Required work: Would you retype exactly the lines from the one holding "P68-275 Precision Photoelectric" through the last line of the listing, and only those, without pictures?

Data block:
══════════
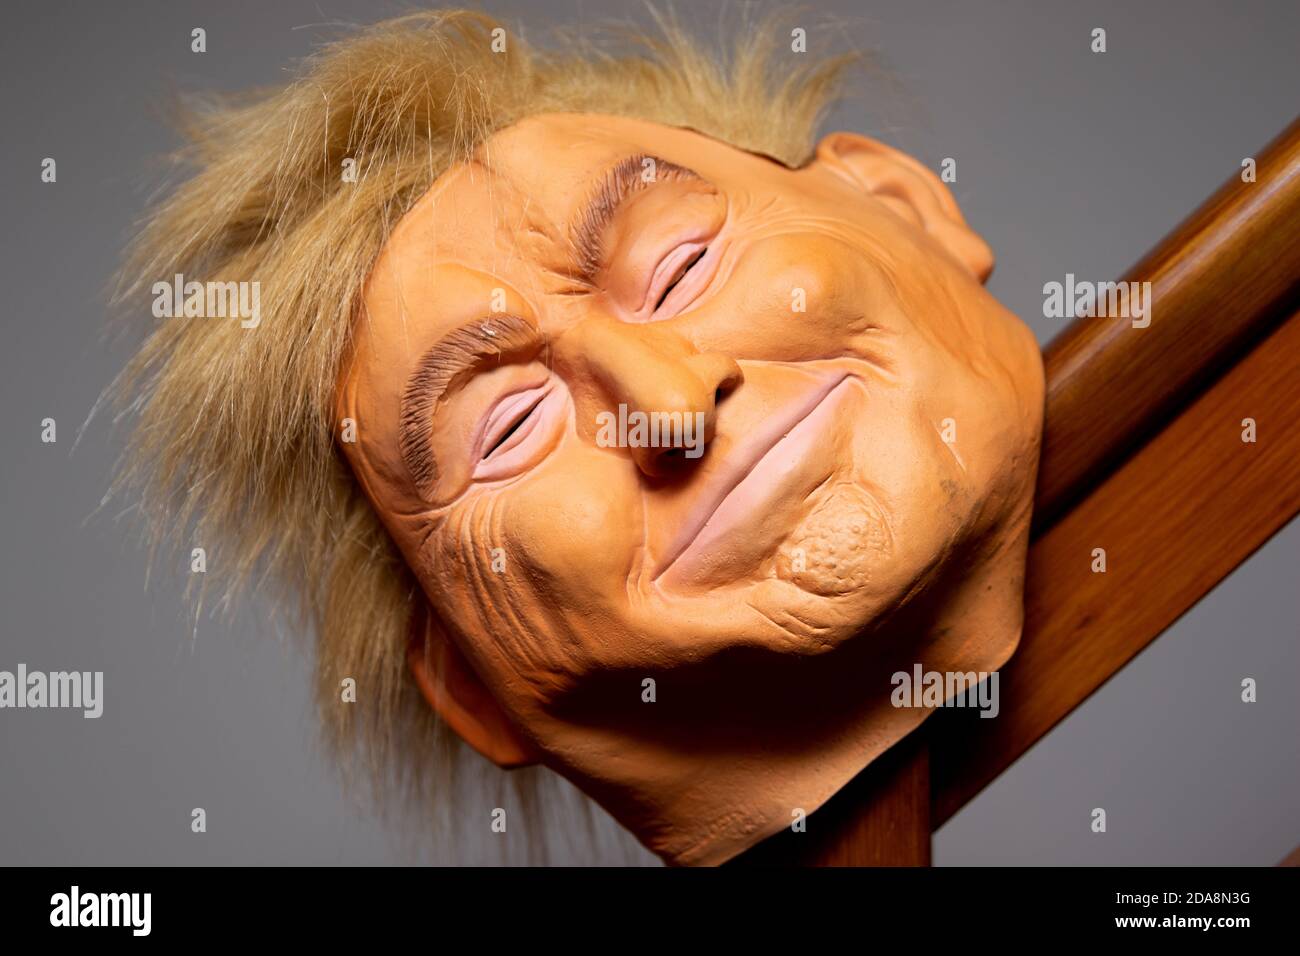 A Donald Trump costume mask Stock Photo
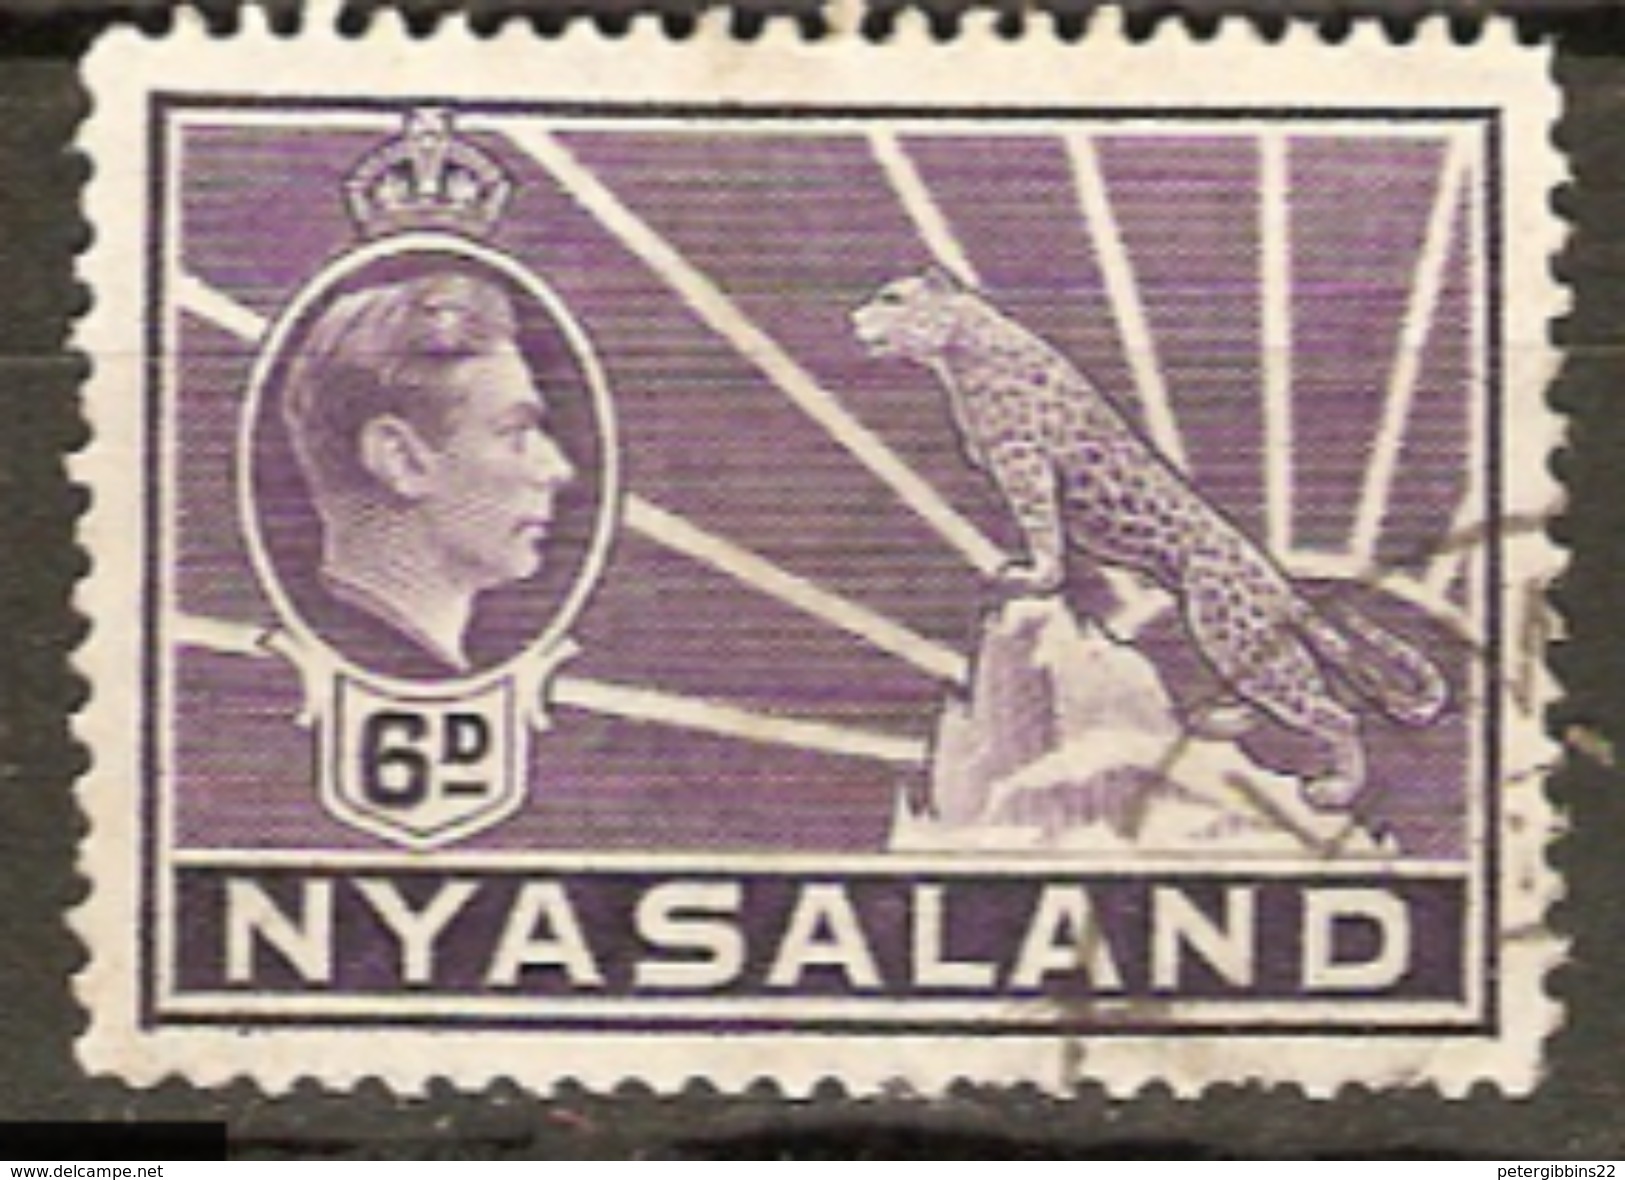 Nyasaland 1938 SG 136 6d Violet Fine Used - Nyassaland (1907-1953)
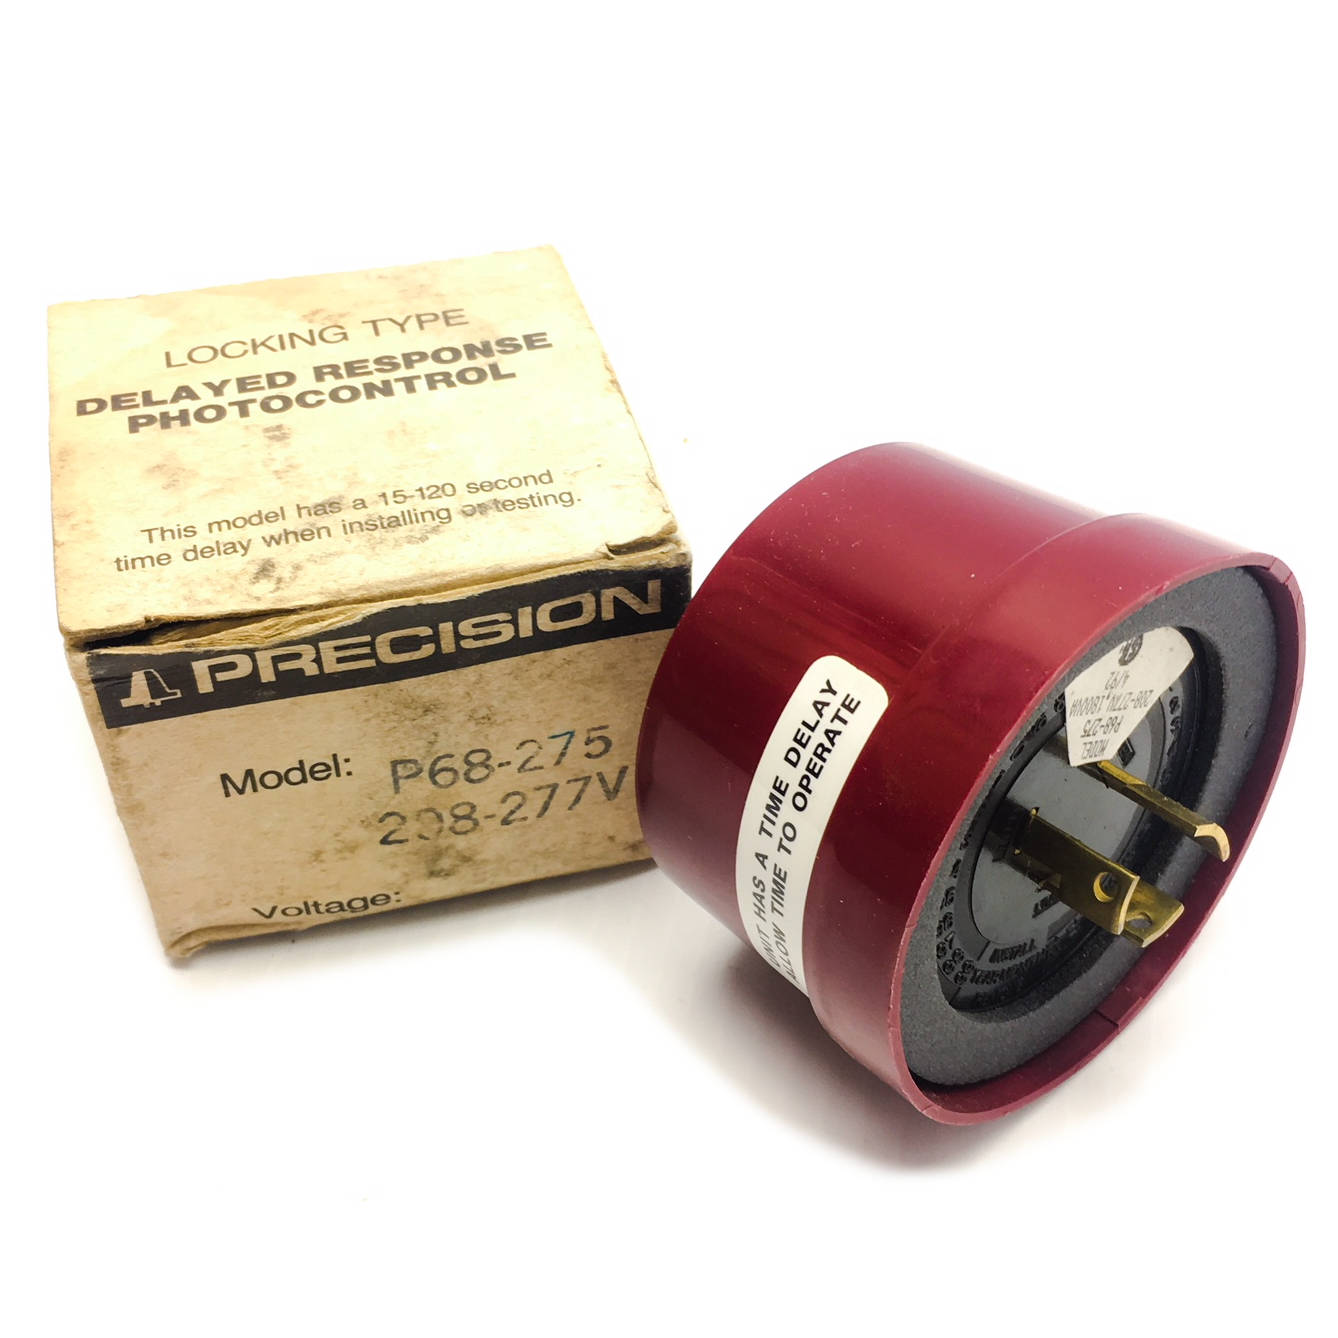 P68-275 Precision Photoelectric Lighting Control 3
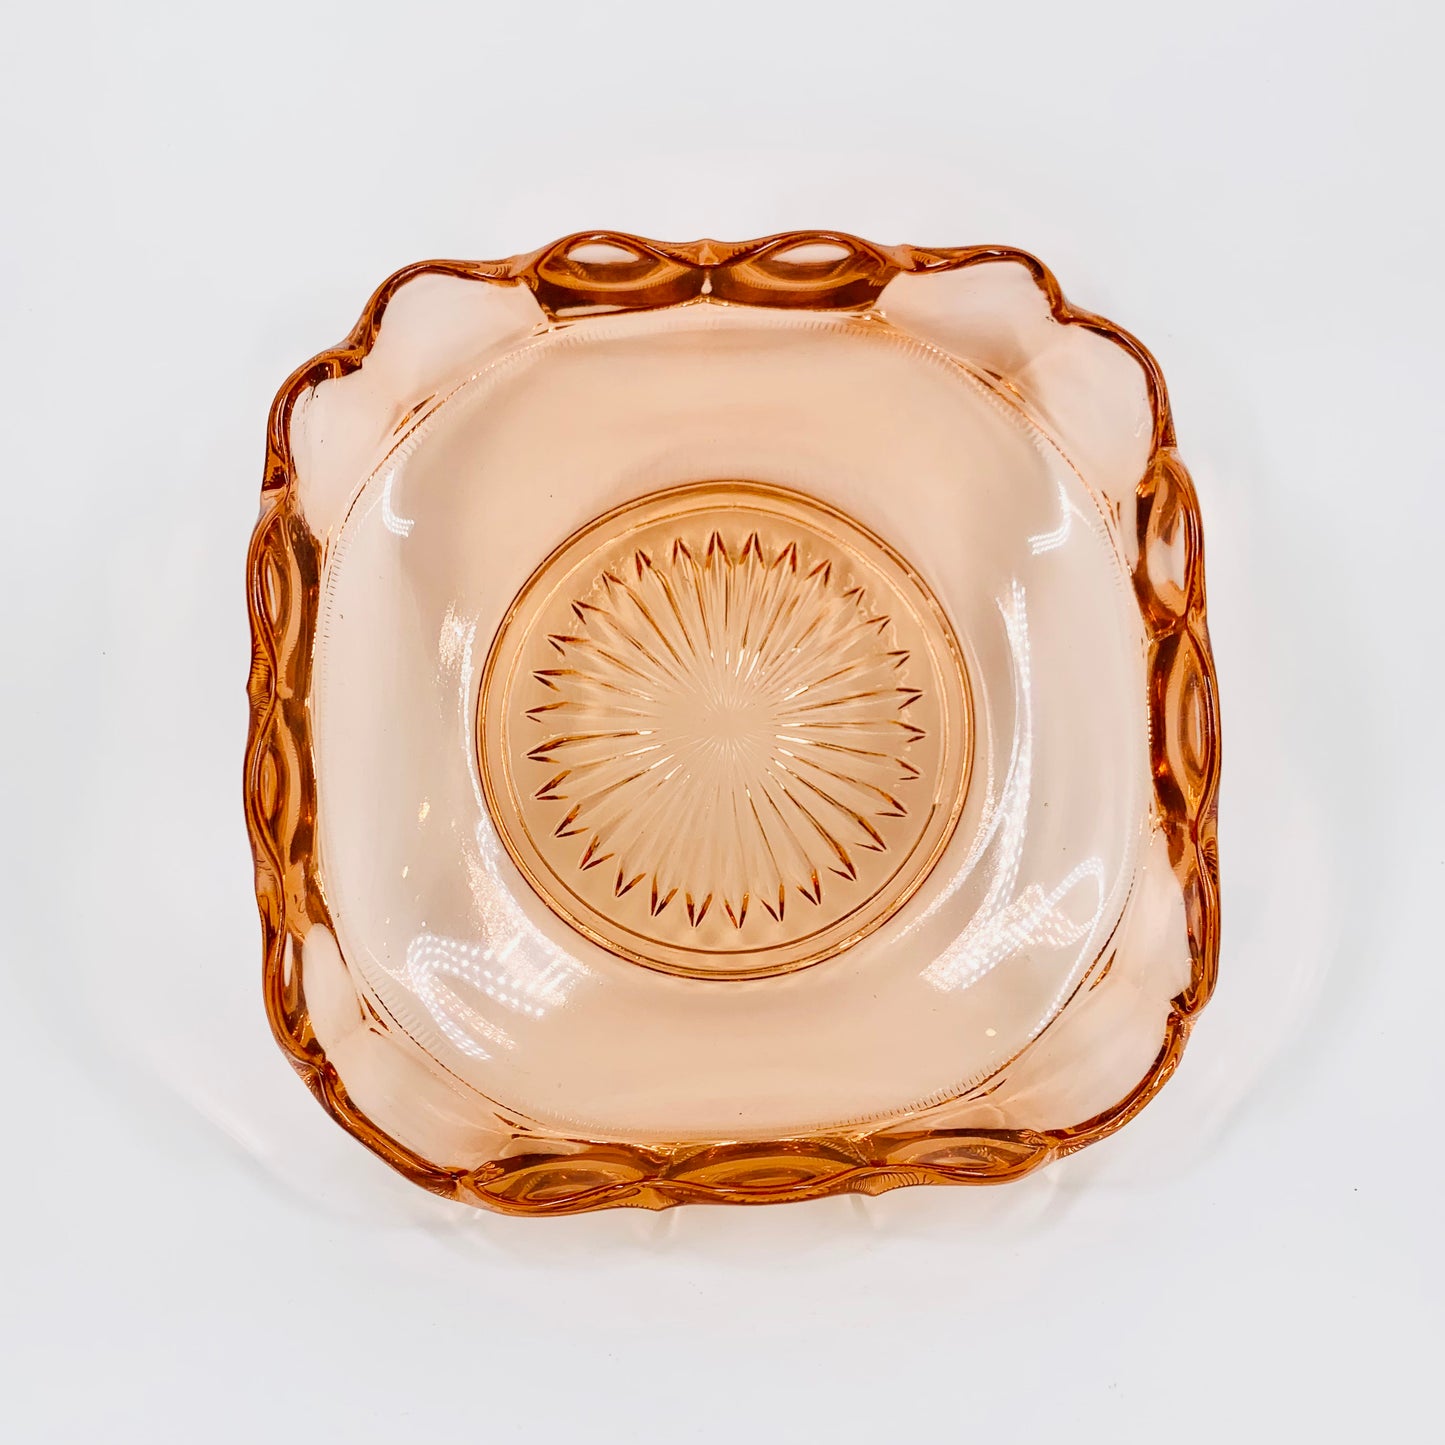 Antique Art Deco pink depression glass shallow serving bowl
══════════
Answer below:
 P68-275 Precision Photoelectric Lighting Control 3
 Antique Art Deco pink depression glass shallow serving bowl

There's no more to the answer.